The whole idea Durden-Smith had of George Jackson's death as a piece of history had disappeared. He was exploring not truth, but a contest of lies. He leaves town, fleeing to New York, where he immediately realizes how things change so quickly in the five weeks he had been absorbed in the Jackson mystery. The radical ‘60s had given way to the self-absorbed ‘70s, judging my how his acquaintances talk.

"New York, by now, brooded with sex, and it had become the reference point of all talk, as the revolution had been two or three years before. The women's movement too was growing in strength, with curious effects. Fraught, eggshell dramas were being enacted in every bedroom and living room. And an aggressive, transvestite chic was beginning to fill the gap in taste left by the failure of the sixties' modes. Sex had become a vehicle for self-expression that politics had been....Instead, people had begun to experience themselves, rather than society in which they found themselves, as a problem in need of a solution. Their horizons had shrunk, and their confidence had gone. And so the language they used to talk about themselves and their place in the world was either aesthetic or else psychoanalytic, the language of one continuously monitoring his own state of mind."

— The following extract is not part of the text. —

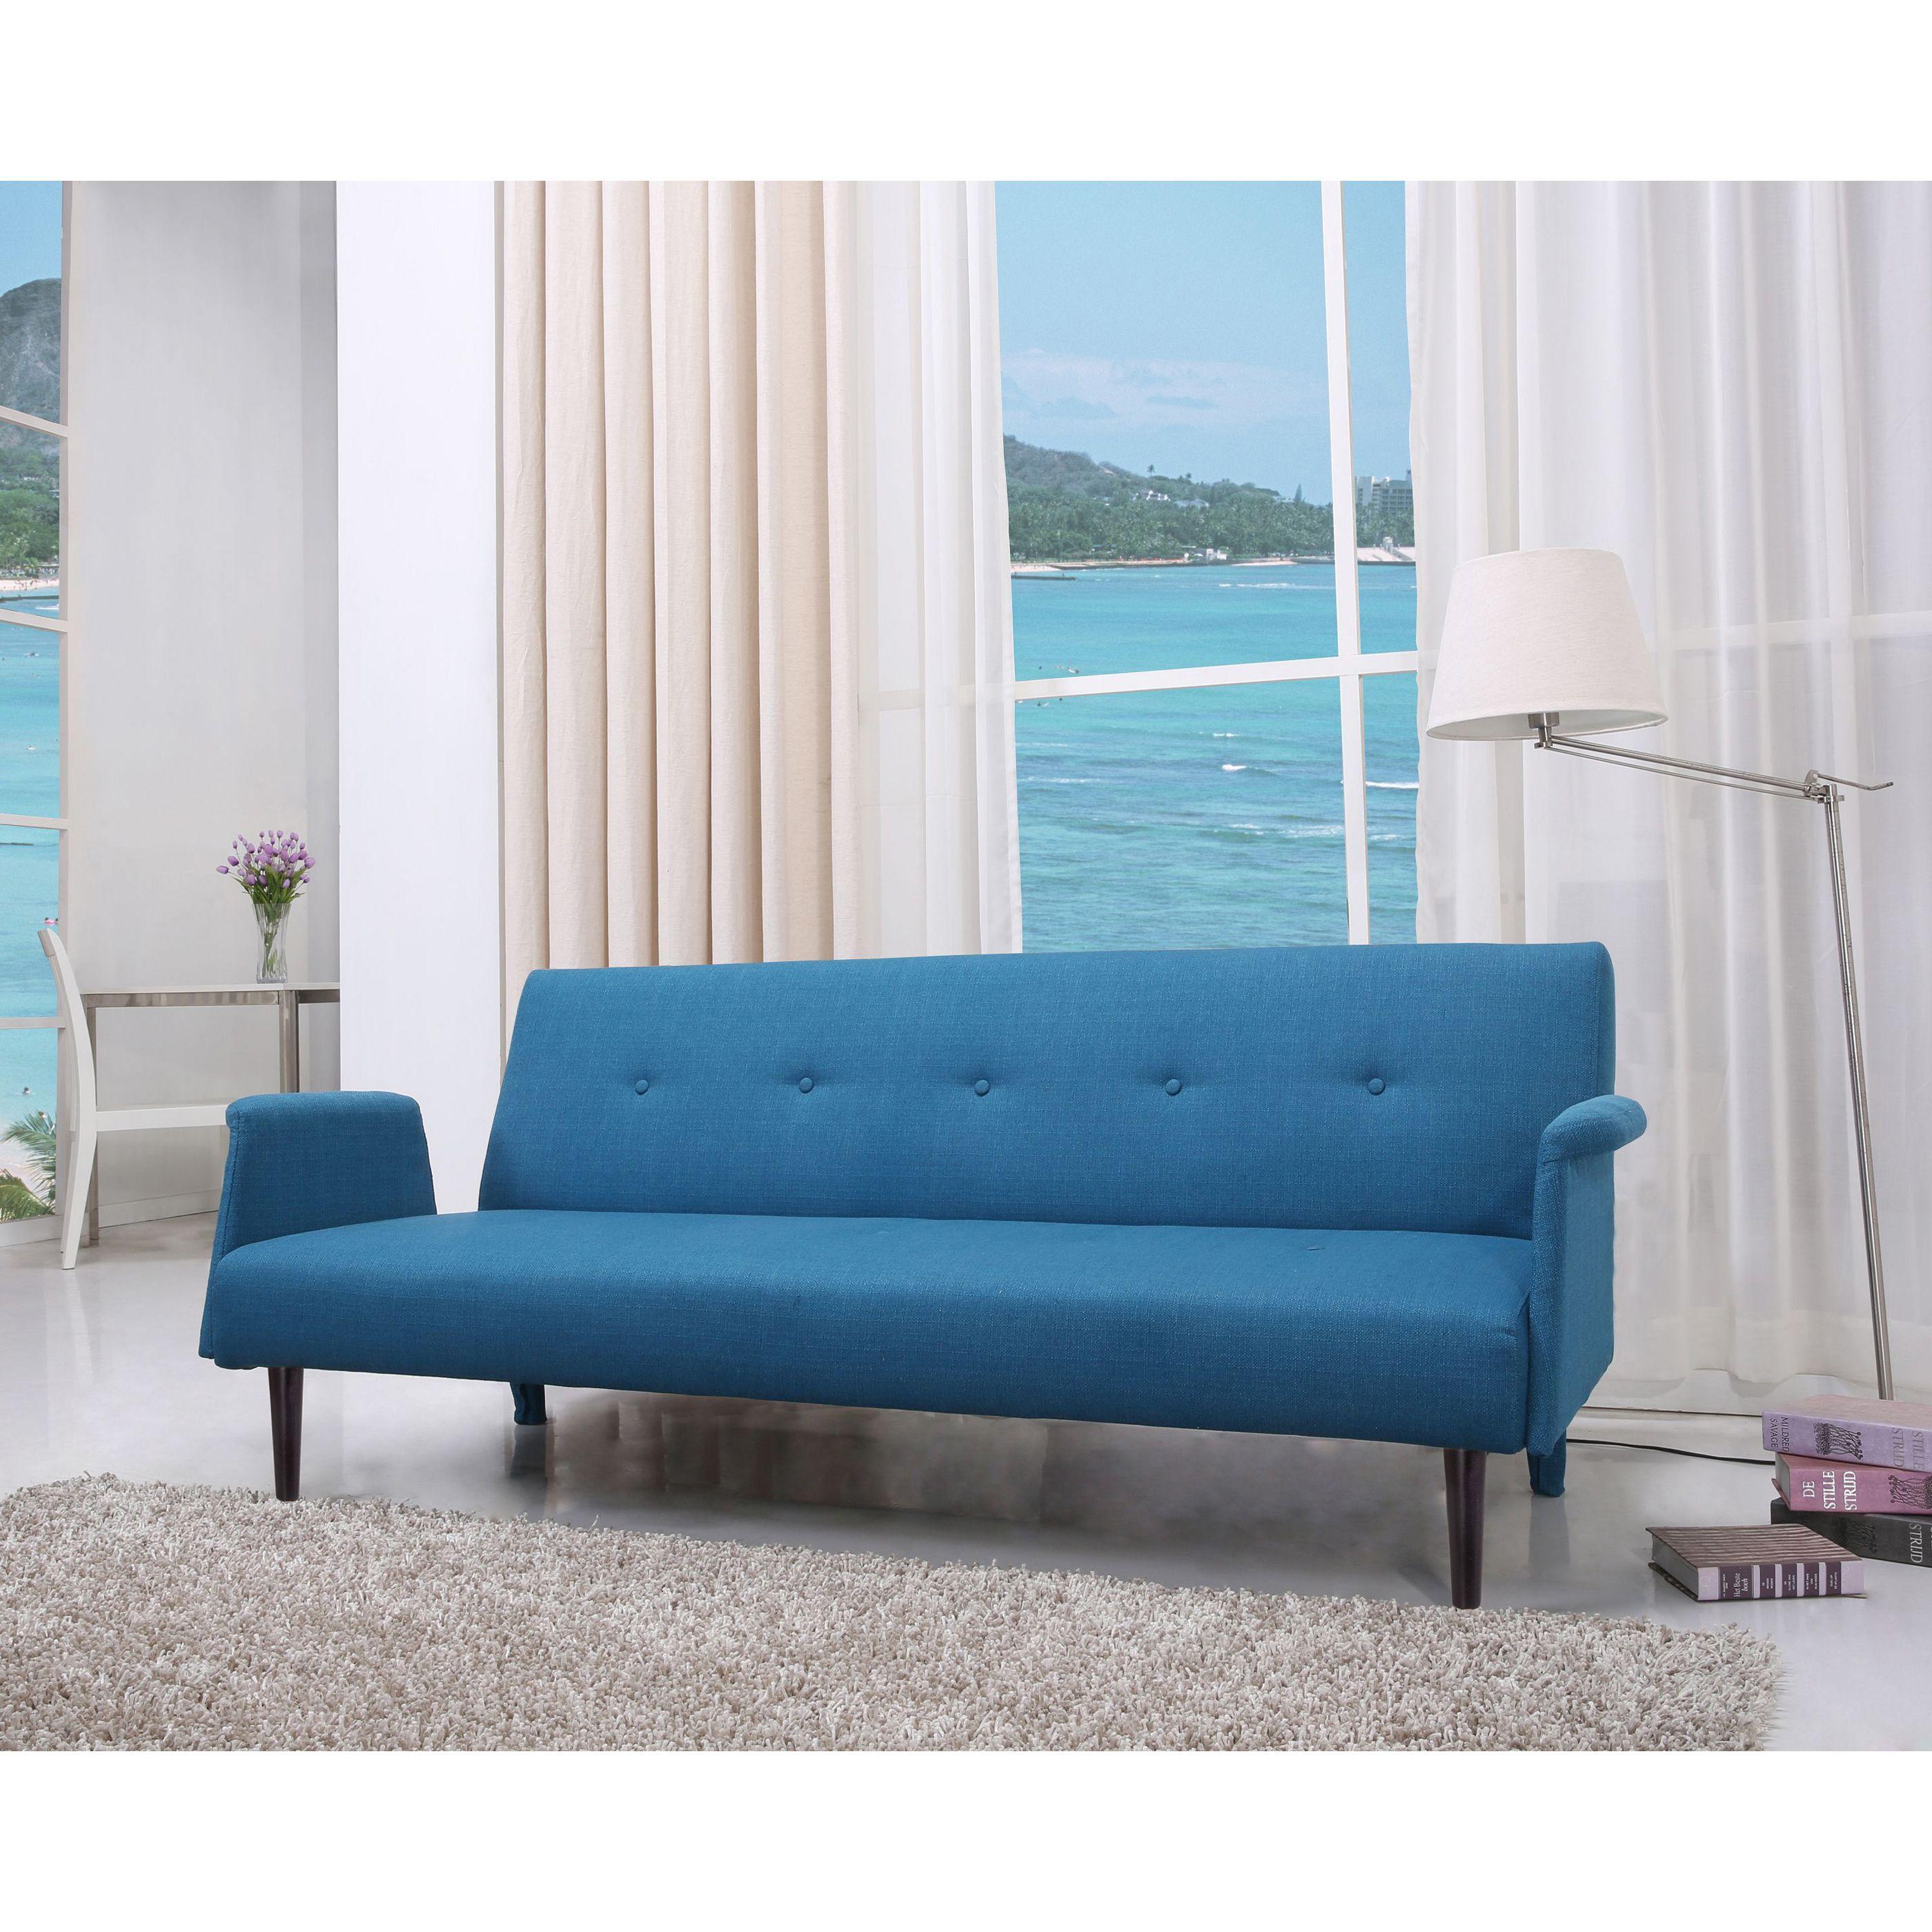 Best Sofa Sleeper: Bedding, Furniture, Electronics, Jewelry

This was a revelation. Durden-Smith knew that the remaining segments of the ‘60s left would eventually drop out, after reaching a moment when they could not endure their alienation any longer. Only when they saw that the Left had been emptied of everyone except the members of a misguided prison movement and the last of the terrorist groups, would they be able to realize their mistake and pick up the pieces of their lives again. The "Me Decade" had started. Disco was just around the corner.

Maybe there is hope against the Jihad after all. I, for one, would accept a revival of disco and would even invest in a new wardrobe, if it meant that radical Islam was no longer a threat.

Compared to our current challenge, the ‘60s radicals had far more domestic popular support than the Jihadists do today, even if we credit the worst about the so-called moderate American Muslims who may secretly cheer for the Muslim Brotherhood to amass greater political power. This might makes criminal prosecutions unnecessary. Perhaps Andrew McCarthy is right that we should keep it a military matter and nothing more. Maybe our ultimate victory over the current brand of terrorism will look very much like what Durden-Smith noticed about the shift in his New York friends' language in the short period he was in California investigating the Jackson's death.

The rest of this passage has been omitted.